Nel lessico famigliare lo ius catering è l’usanza che, a un certo punto della vita e poi per sempre, ti consente di portare a casa, dopo le cene o i pranzi dalla mamma, un pasto quasi completo.
Il privilegio scatta più o meno quando ti sei appena sposata e tua mamma butta là: «Ti do un po’ di arrosto da portare a casa, così domani hai già pronto?».
La volta dopo aggiungerà le patate al forno, poi l’insalata dell’orto. «Due pomodori li vuoi? E queste tre zucchine?».
Anche le suocere non scherzano, la mia mi dava le uova fresche del pollaio.

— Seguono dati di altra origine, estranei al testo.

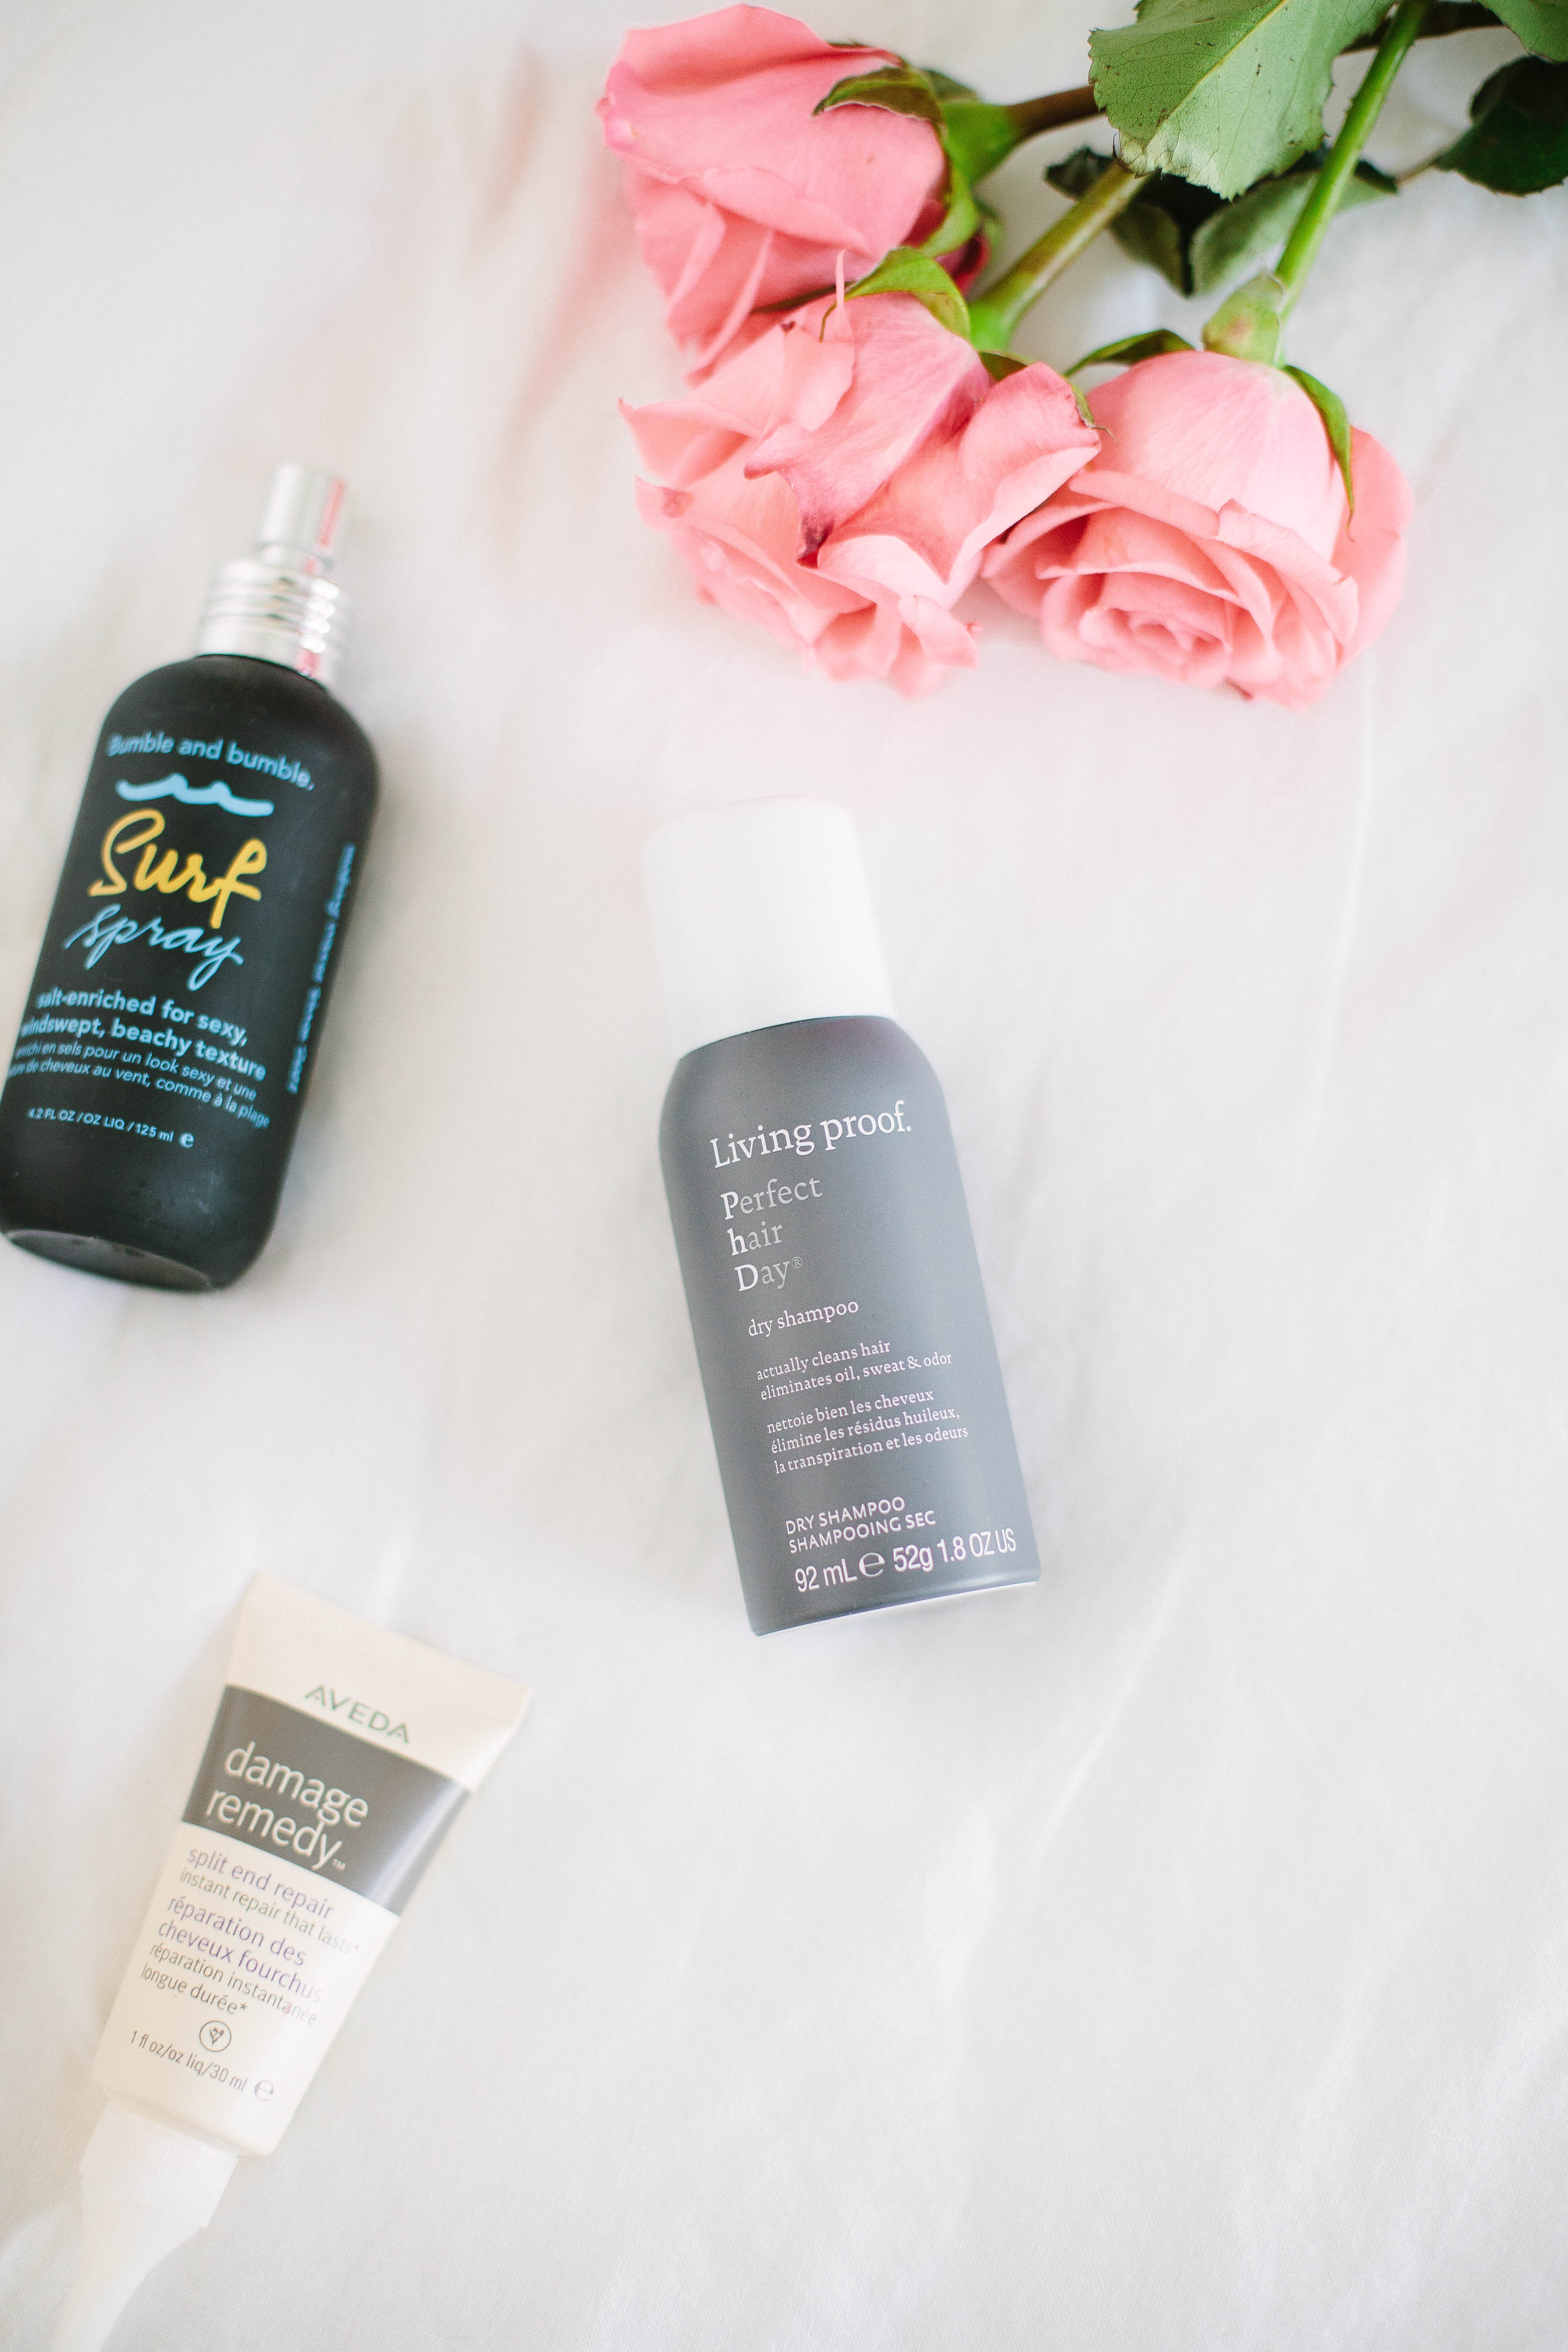 My favorite summer hair products to combat frizz and humidity all summer long.

Tante di quelle uova che alla fine non le consumavamo mai freschissime, perché c’erano da finire prima quelle della settimana precedente.
Corsi e ricorsi storici, perché tutto quello che avevo deriso, criticato o compatito benevolmente, si ripete a casa mia con la puntualità rassicurante di un mantra.

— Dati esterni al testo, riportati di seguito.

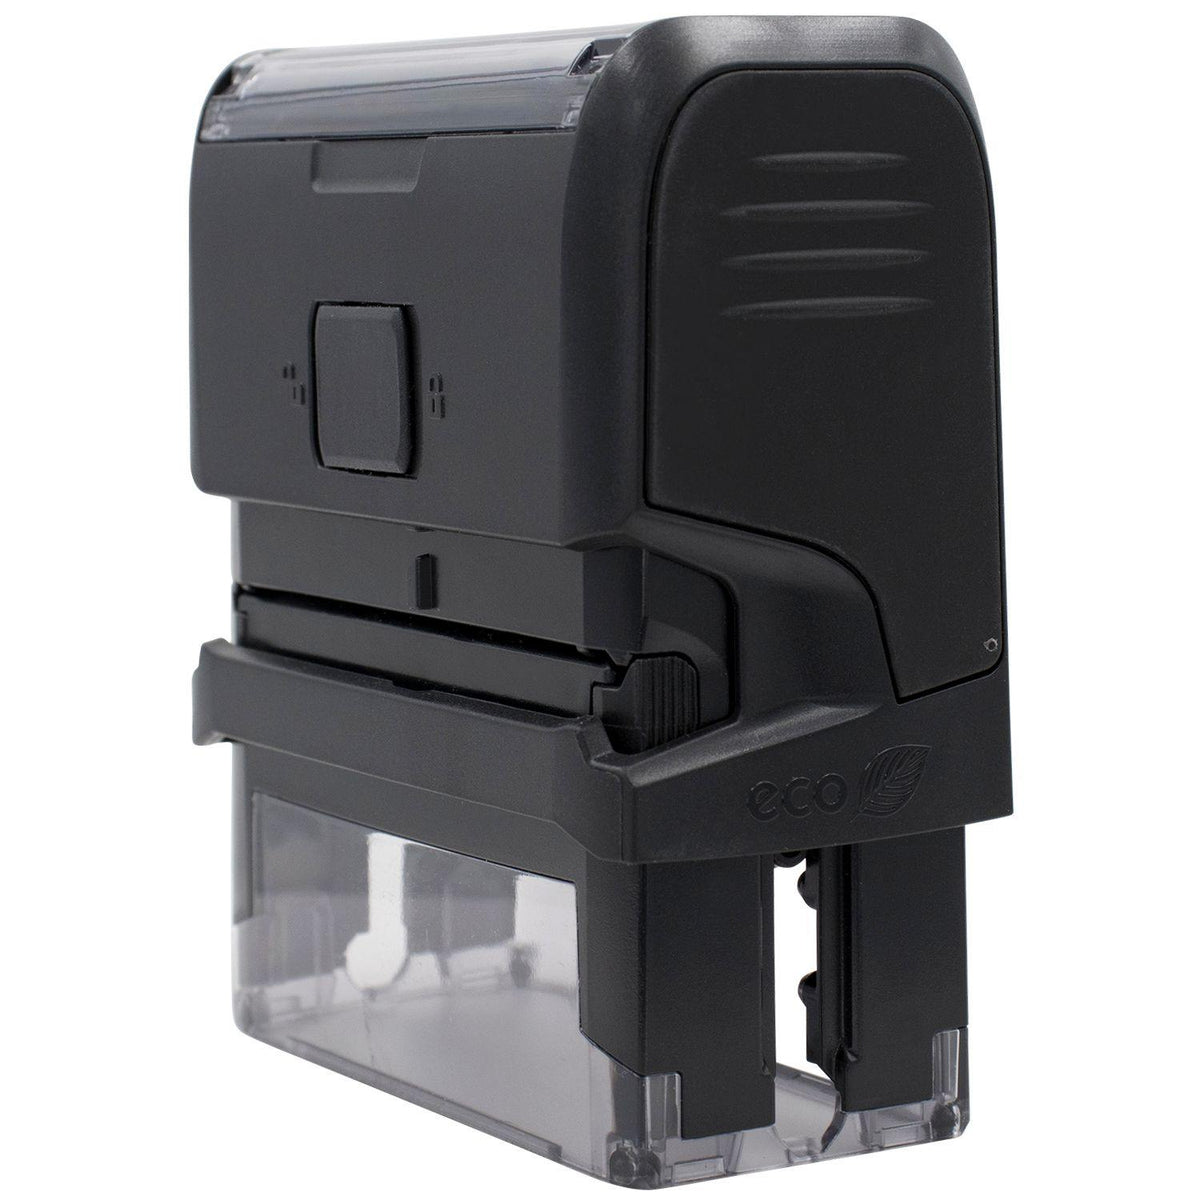 Large Self Inking Second Notice Stamp - Engineer Seal Stamps - Brand_Trodat, Impression Size_Large, Stamp Type_Self-Inking Stamp, Type of Use_Business, Type of Use_Finance

E così ho più vaschette e contenitori usa e getta di una gastronomia take away. Non ho le galline: compro le uova dalla Wilma, che ha un pollaio in campagna e mi fornisce anche polli e conigli ruspanti, verdura dell’orto e, talvolta, perfino rose!
E si ripete il rituale: vengono a pranzo, mangiano e portano a casa avanzi nati per avanzare. Che poi non fossero avanzi l’ho capito dopo, e da allora anch’io, se siamo in sette, cucino almeno per nove.
Prima era solo quello piccolo che usufruiva del servizio catering: una porzione di lasagne, una vaschetta di spezzatino, la torta, a volte la macedonia. Il grande disdegnava queste premure da cocco di mamma e lo prendeva in giro: «Ti ha preparato le cose buone la mammina? Te le ha pure masticate?».
Stasera c’è lui a cena da me, con suo figlio, il mio primo nipote. Ho preparato salsiccia e fagioli in umido.
«Mamma, se quelli che sono avanzati li portassi a casa io? Domani saranno ancora buoni?».
Mentre preparo sorrido, perché sento il figlio che lo sfotte: «Papà, ti ha preparato le robine buone la nonna? Te le ha pure masticate?»
Fra non molto passerà a lui lo ius catering di famiglia. Lo spero, anche se io non ci sarò.